— Нет.
— Я извинюсь.
— Он в этом не нуждается. Поверь, я знаю, о чем говорю. Ты унизишь его еще больше. Это…
— Я поговорю с ним, Велихов. Не приказывай мне. Ничего не выйдет, если ты будешь себя вести со мной, как хозяин.
— Я не хозяин, — поворачиваю голову и профилем ей отвечаю. — Ты свободна, но…
— Естественно, — хмыкает стопроцентно ухмыляющаяся Смирнова. Уверен в том, что Тонька улыбается. Ее сбившееся дыхание, теплый воздух, который я ощущаю, когда она меня касается, говорят о том, что шавочке смешно.
— Поцелуй меня, — хриплю и быстро добавляю. — Пожалуйста…
Смирновы сильно задерживаются.
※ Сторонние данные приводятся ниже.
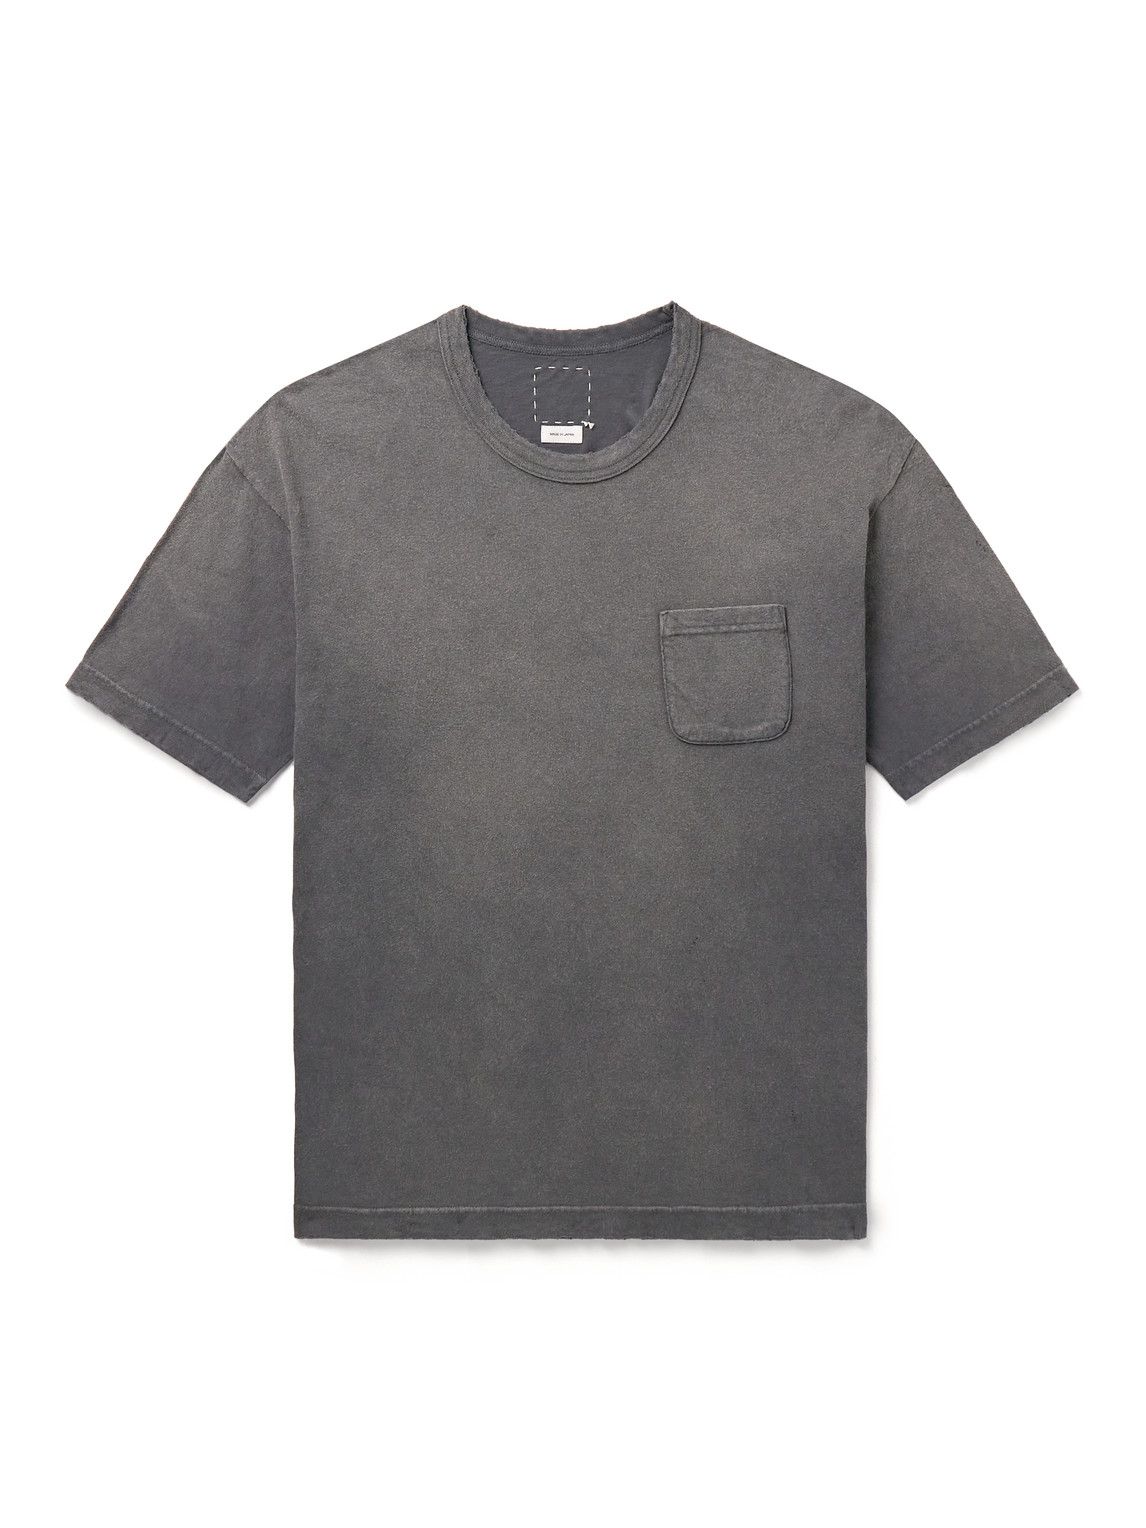 Jumbo Distressed Garment-Dyed Cotton-Jersey T-Shirt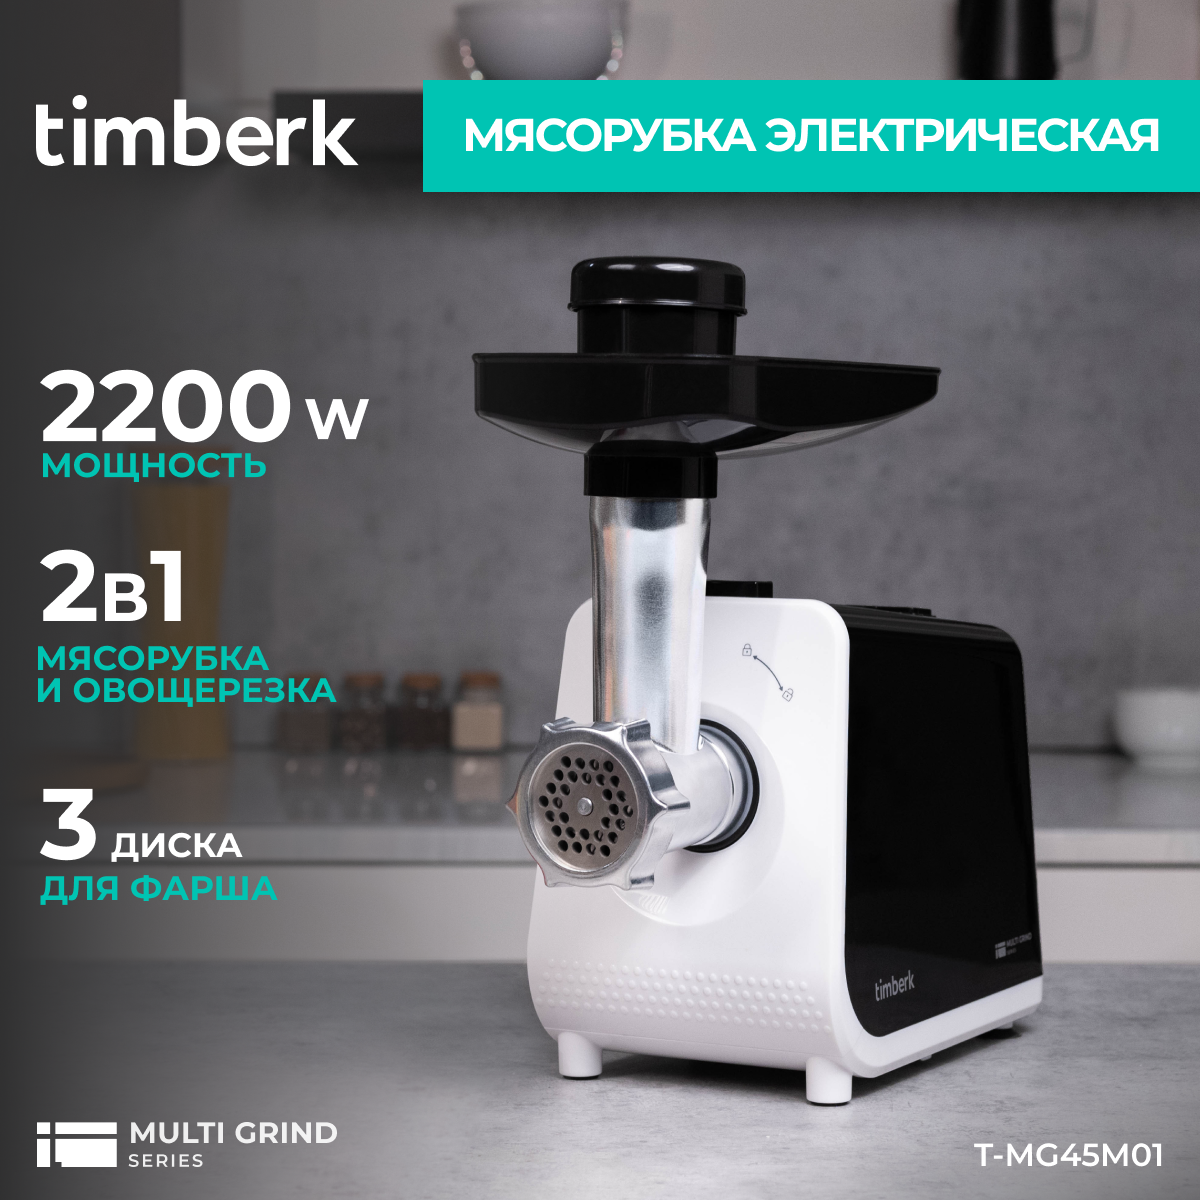 Электромясорубка Timberk T-MG45M01 450 Вт белая, черная

Мы с Нией успеваем пообедать, до слез из глаз посмеяться над какой-то чокнутой комедией, которую находим на одном из телевизионных каналов, затем немного, в течение сорока пяти минут или даже часа просто помолчать и посидеть в громкой от безмолвия тишине, внимательно рассматривая друг друга. Пару раз трогаем губами губы, пока шустрый малый отвлекается на свои занятия, а когда вдруг возвращается к нам, протягивая какого-то кислотного обормота, мы с Тосиком растягиваемся по сторонам и одновременно подкатываем глаза, отыскивая при этом на высоком потолке косметические недостатки: трещины, пятна и даже плесень, которой покрывается этот дом, когда идут затяжные ливневые дожди.
В три пополудни дружной компанией выдвигаемся на прогулку, развлекая пацана, который и возле детской горки и качелей все же умудряется искоса приглядывать за нами, смущая Тузика, которого я своим носом и зубами терзаю в районе основания тонкой нежной шеи.
Прекрасный опыт… Без пошлости и грубости, без вызова и игр, без пари, споров, без провокаций, которыми обычно промышляем, когда остаемся с Тонькой наедине.
— Переезжай ко мне, — шепчу на ухо сидящей на подвесной большой качели рядом со мной Смирновой. — Тонь, что скажешь?
— Родители вернулись, — она кивает в сторону ворот. — Господи! — всплескивает руками и закрывает ими рот. — Свят…
— Переезжай ко мне, Тосик? — не обращаю внимания на ее возможную истерику, обхватываю за плечи и притягиваю к себе. — Слышишь?
— Он погиб? Свят ушел? Нет, нет, нет. Петя, ты веришь? Он умер?
Машина Сергея въезжает во двор и накатом подбирается к парадным ступеням. Транспорт не успевает остановиться, как его задняя пассажирская дверь распахивается и из салона автомобиля пулей вылетает Юля, которая спотыкается на первой же ступени лестницы, сильно растягивается, словно раненое, подстрелянное браконьером красивое и хрупкое животное, елозит лбом марш, ползет наверх и жутким голосом орет.
— Петя! — Тонька прячется на моей груди, сильно прижимается ко мне, пальцами цепляется за рубашку, всхлипывает и монотонно повторяет. — За что, за что, за что, за что? Моя сестричка, любимая, любимая, такая дорогая…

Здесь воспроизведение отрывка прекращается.